High quality of underwater images can provide great visual effect for improving numerous undersea investigations, such as underwater archaeological exploration and underwater topographic surveying, etc. Underwater images often suffer from distortions at various depths due to harsh conditions, leading to inconsistencies that compromise their reliability. Existing approaches to underwater image enhancement (UIE) often struggle with limited adaptability and may even fail when confronted with previously unseen real-world underwater conditions. Meanwhile, the inefficiency of model inference significantly constrains its feasibility for high-demand real-time underwater visual perception. To address these issues, we need to reduce the reliance on extremely limited labeled data and develop a lightweight scheme to adapt to diverse scenes.

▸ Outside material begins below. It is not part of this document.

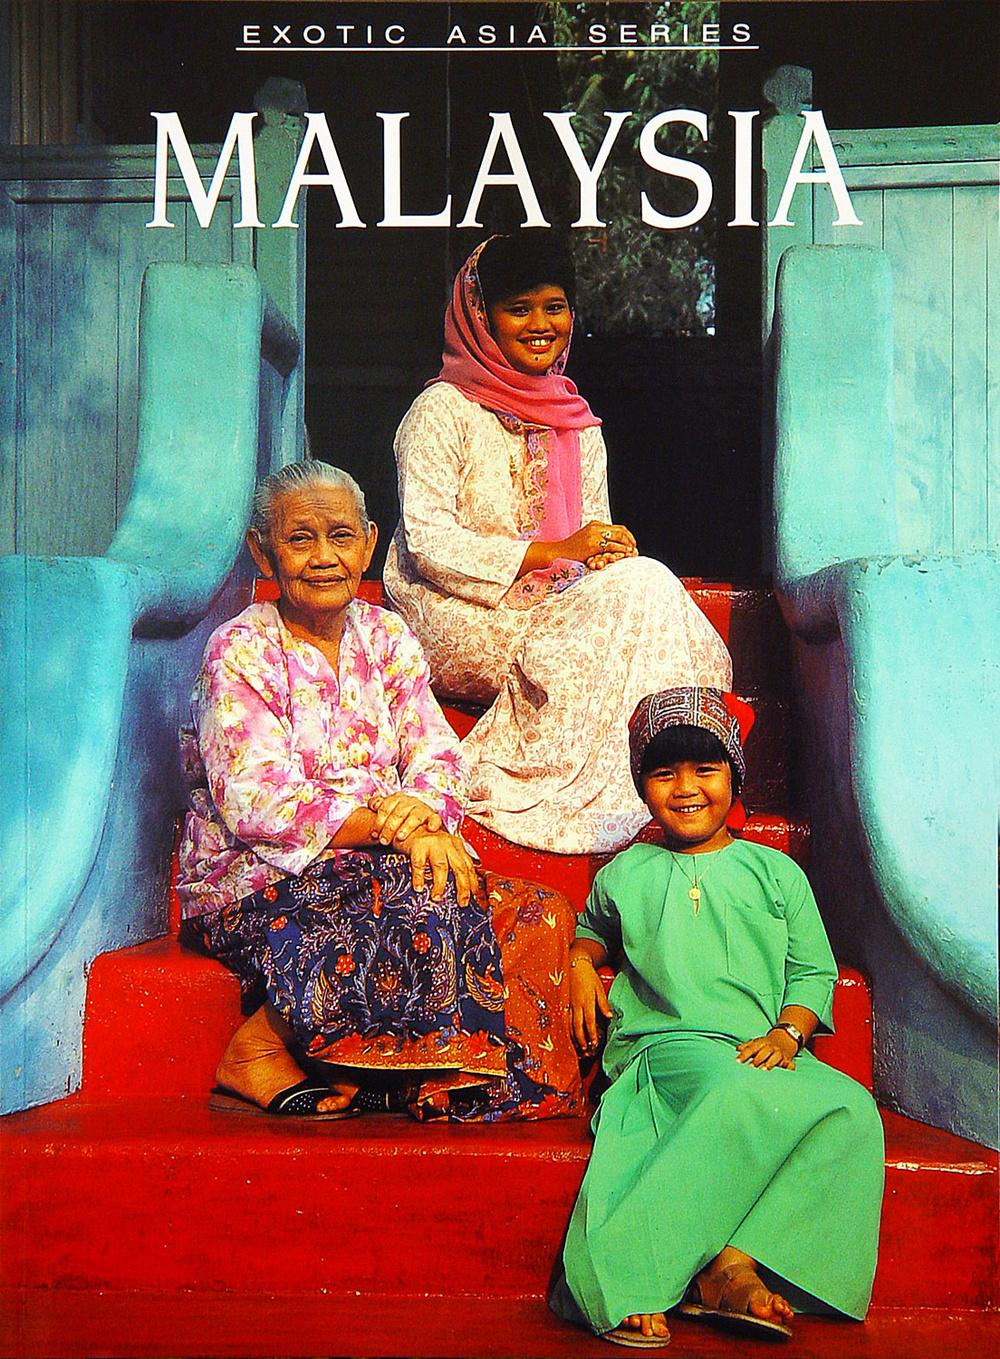 Malaysia-Exotic-Asia.jpg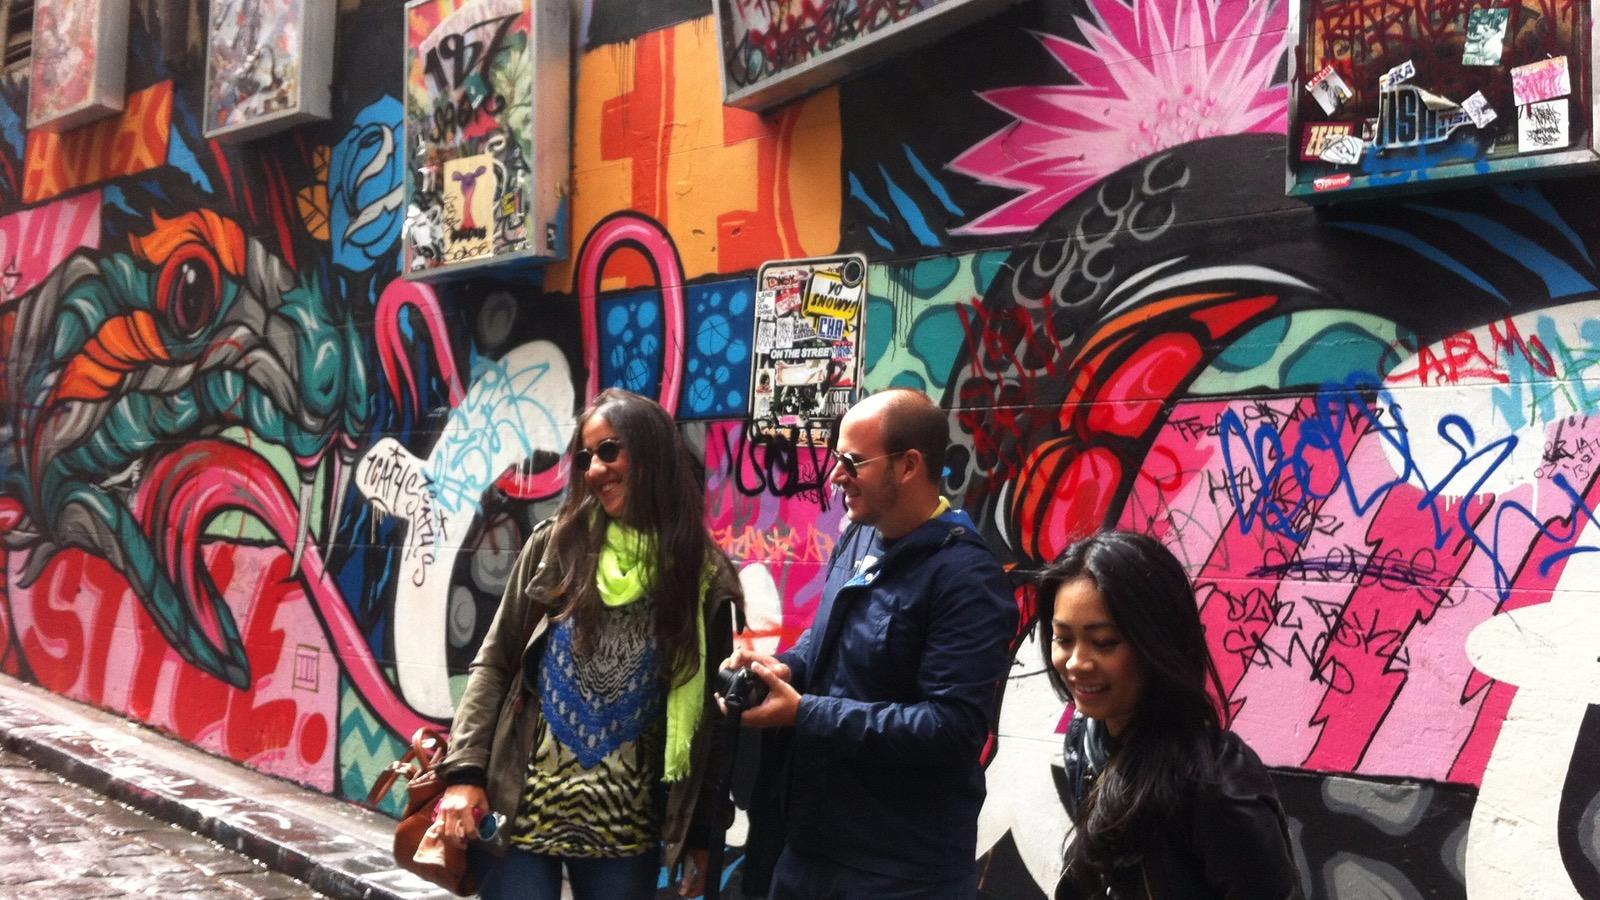 Groups visiting Hosier Lane

With this idea in mind, we present a joint CNN-Transformer framework termed AIDUIE that contains a zero-shot illumination disentanglement network (ZSIdNet) and a self-attention based dynamic camera response function (SADCRF) with long-range dependency modeling capability. We develop a multi-step iterative training mechanism for illumination disentanglement, which employs zero-shot learning at each step using pseudo labels generated by an image degradation module. Accordingly, we can adjust the disentangled illumination using SADCRF with parameter maps of adaptive pixel retention factor (PRF) to reconstruct the enhanced image. We substantiate the diverse advantages of our scheme over existing methods through a meticulous and comprehensive experimental evaluation process, illustrating its superiority in both quality and efficiency under unexplored and convoluted underwater circumstances.